══ Data to examine

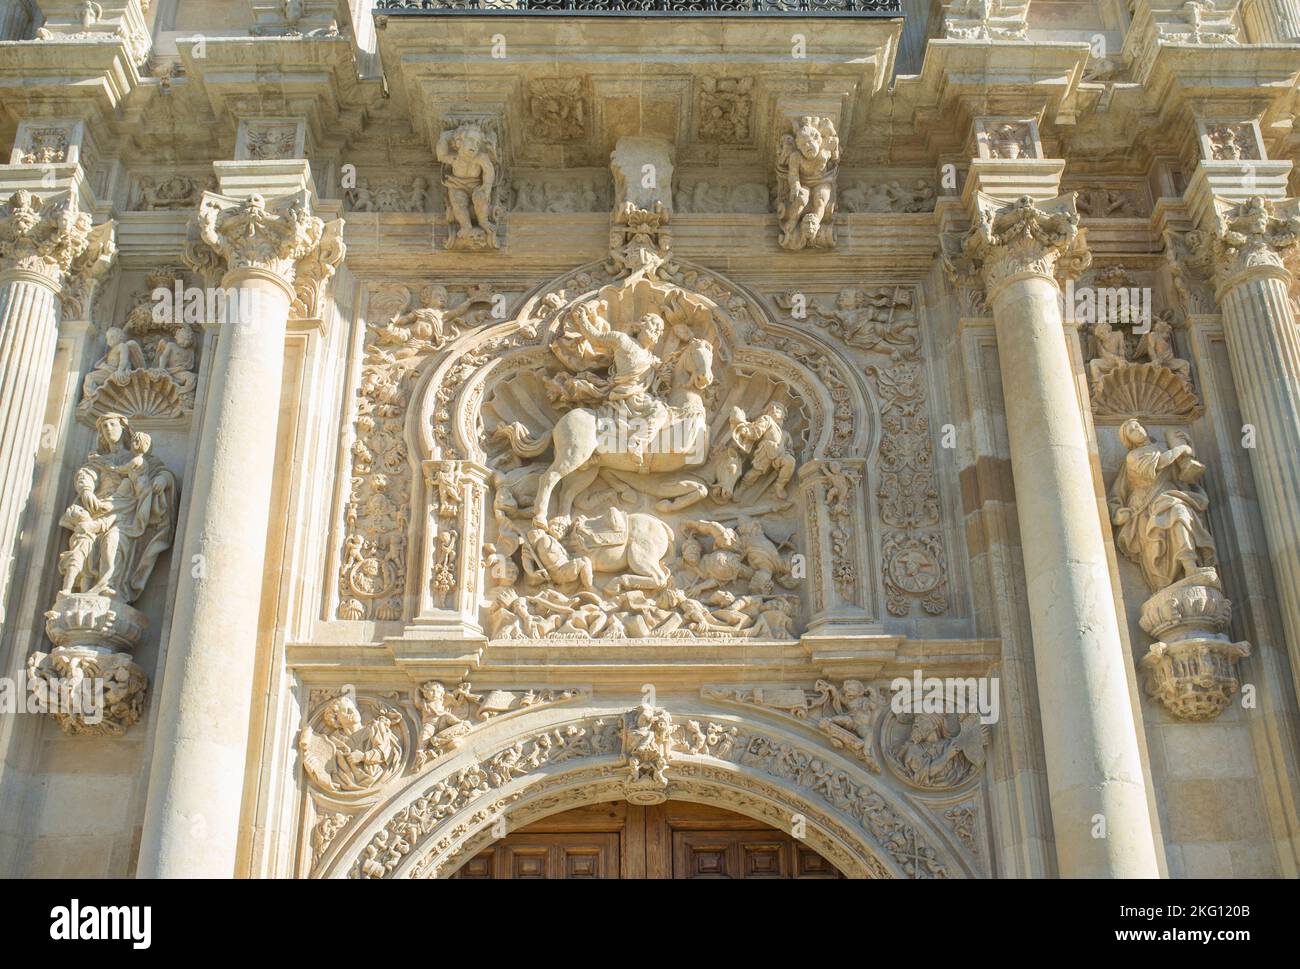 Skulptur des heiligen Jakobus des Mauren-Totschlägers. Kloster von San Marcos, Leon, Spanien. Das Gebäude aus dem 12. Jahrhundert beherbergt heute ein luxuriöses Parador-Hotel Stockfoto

════
══ Data to examine

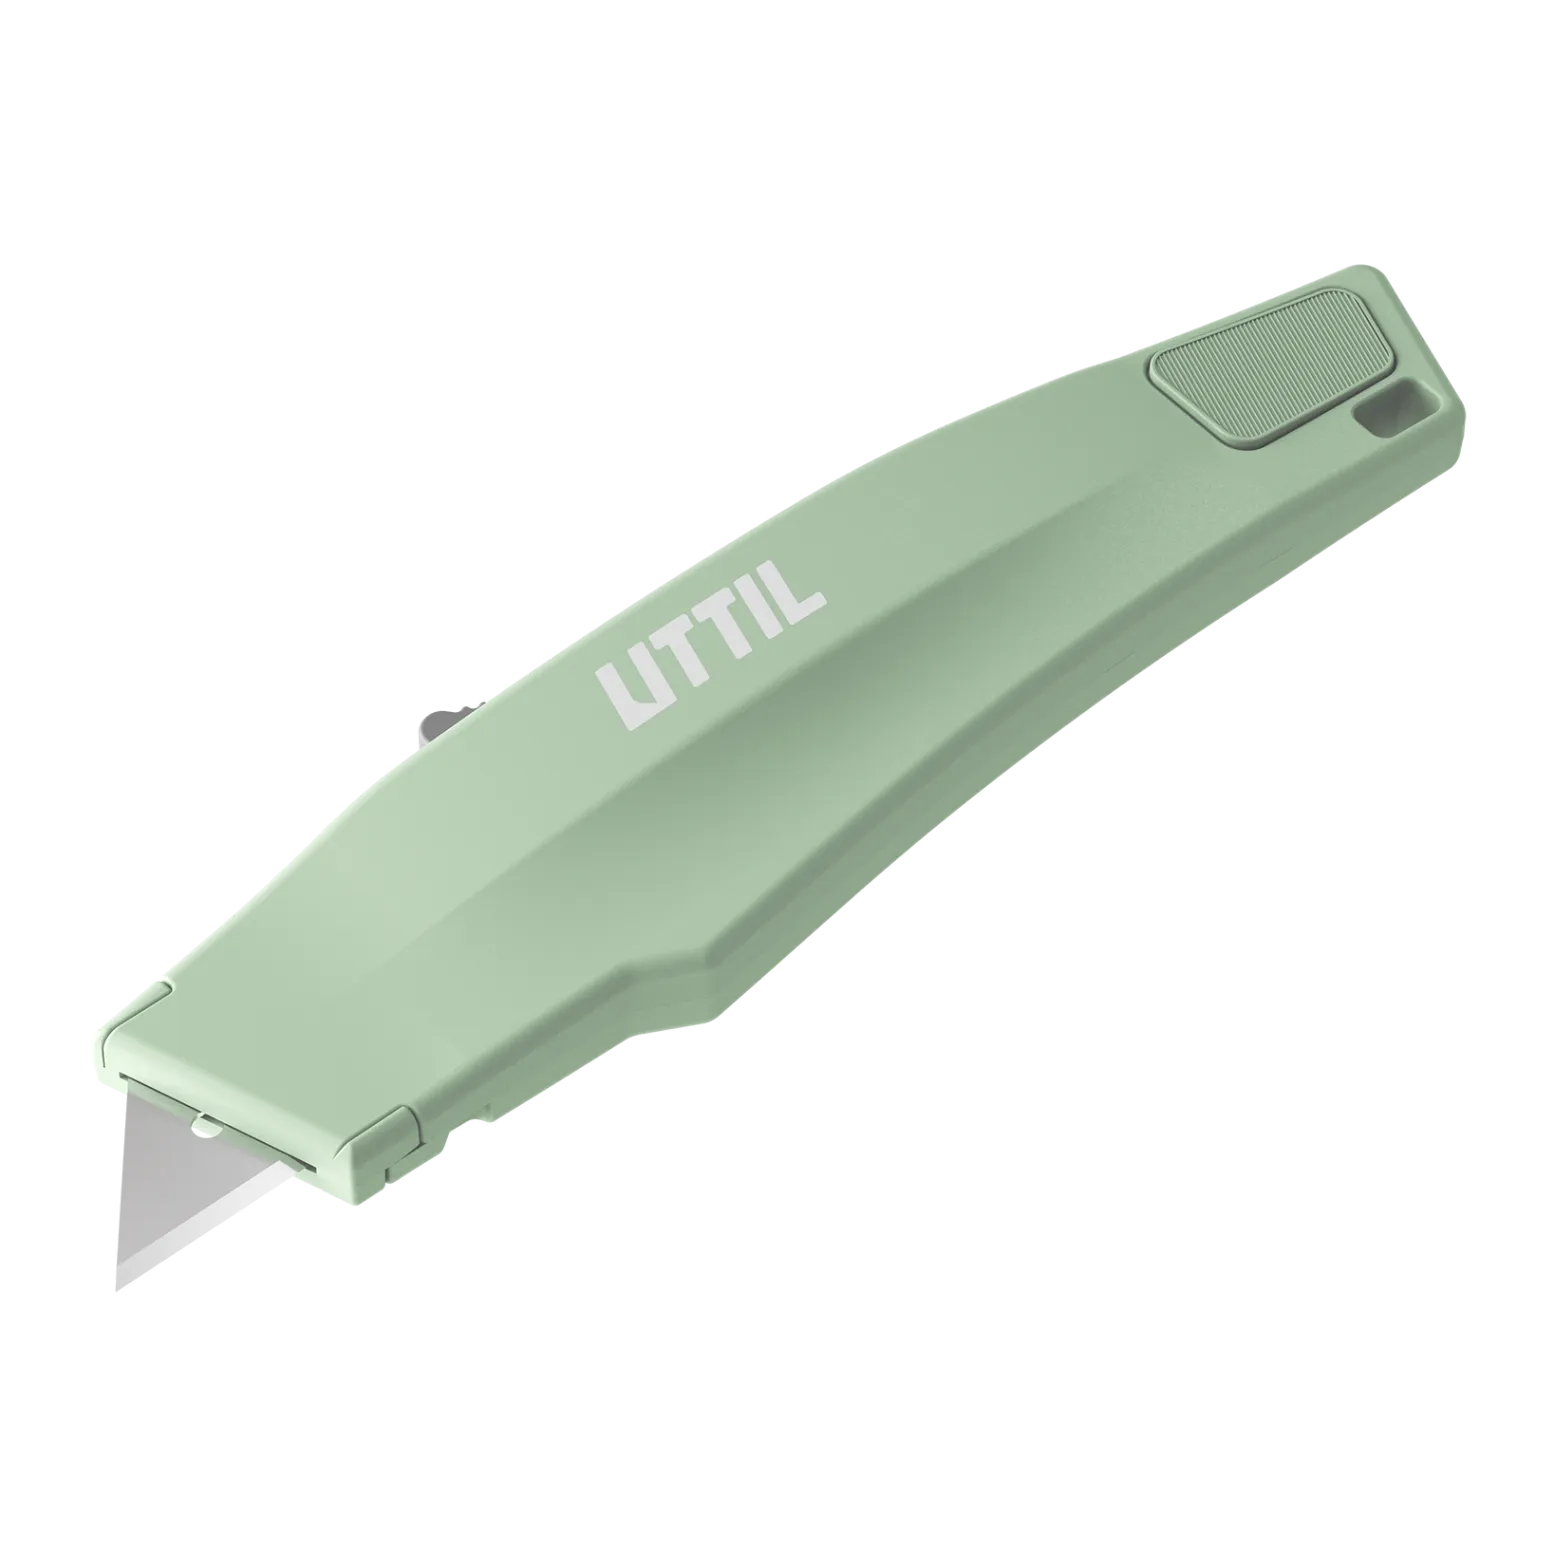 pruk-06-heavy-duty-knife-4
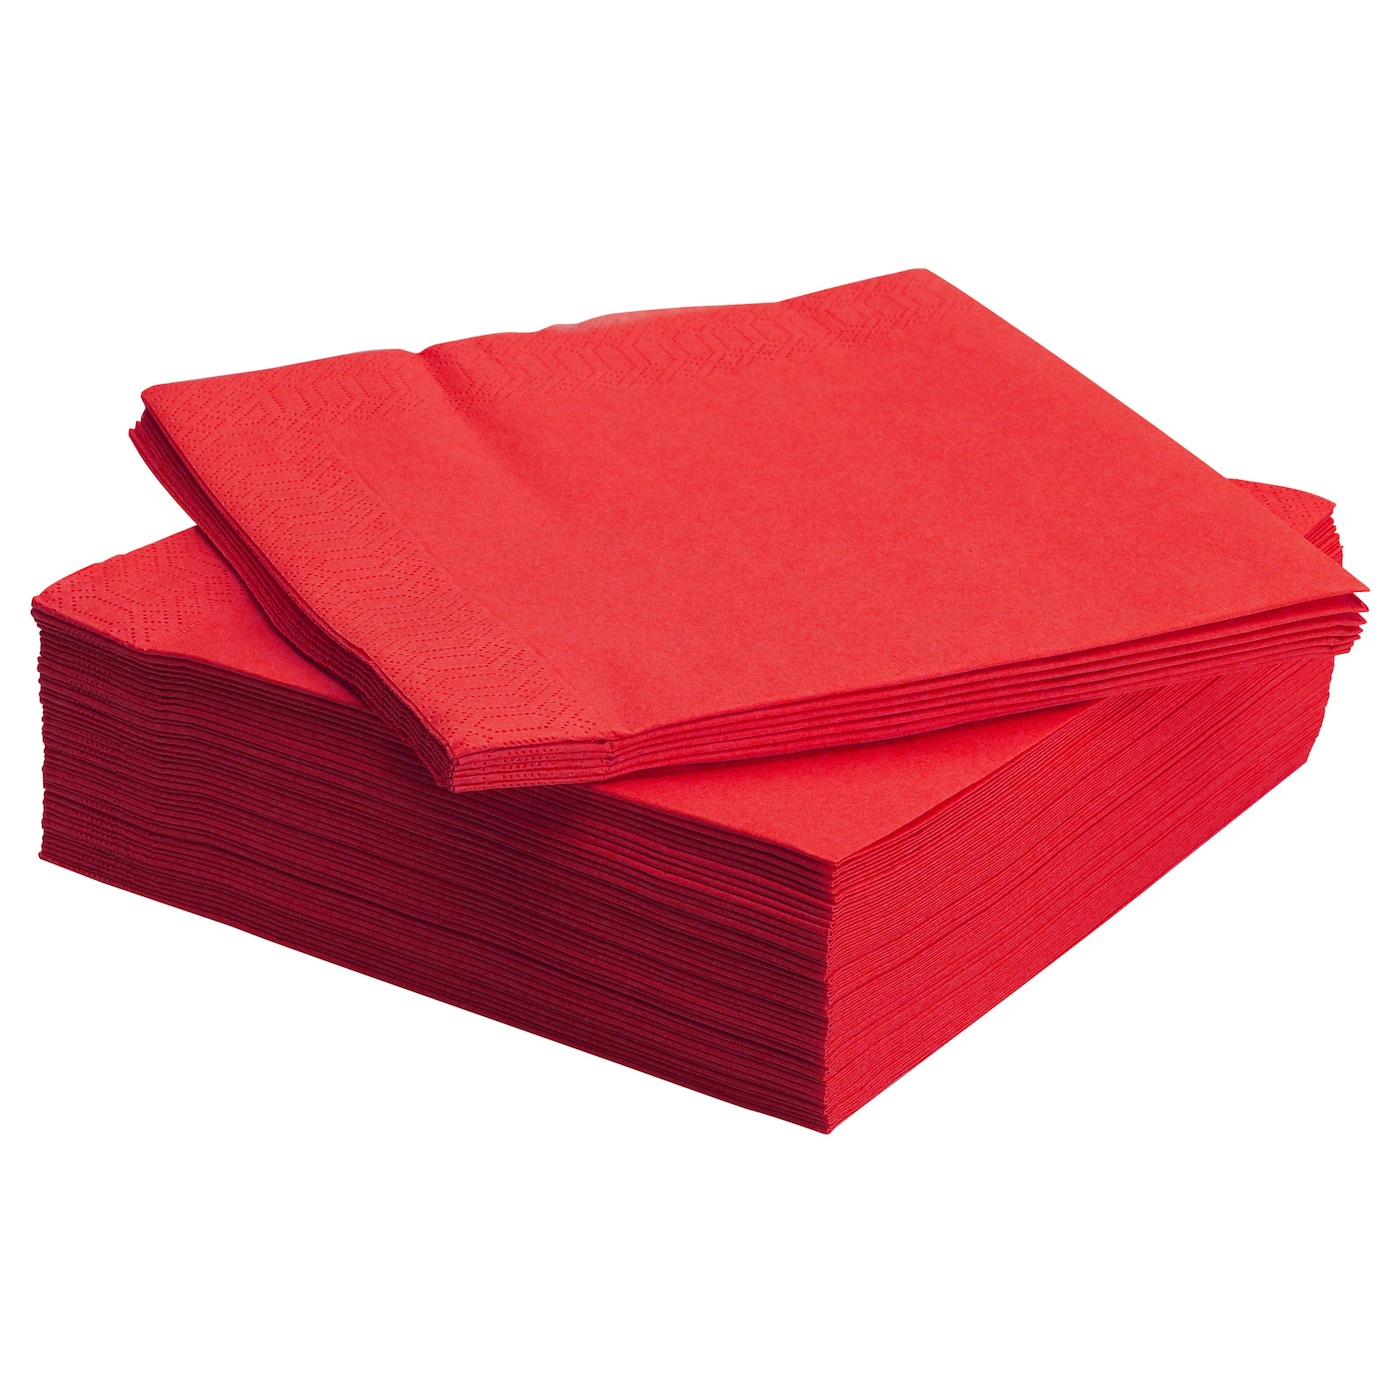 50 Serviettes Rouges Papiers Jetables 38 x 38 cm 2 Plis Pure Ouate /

════

Treat the line with "pruk-06-heavy-duty-knife-4" as the start and the line with "50 Serviettes Rouges" as the end, and return exactly that span of the data above, both ends included, without pictures.

Written solution ->
 pruk-06-heavy-duty-knife-4
 50 Serviettes Rouges Papiers Jetables 38 x 38 cm 2 Plis Pure Ouate /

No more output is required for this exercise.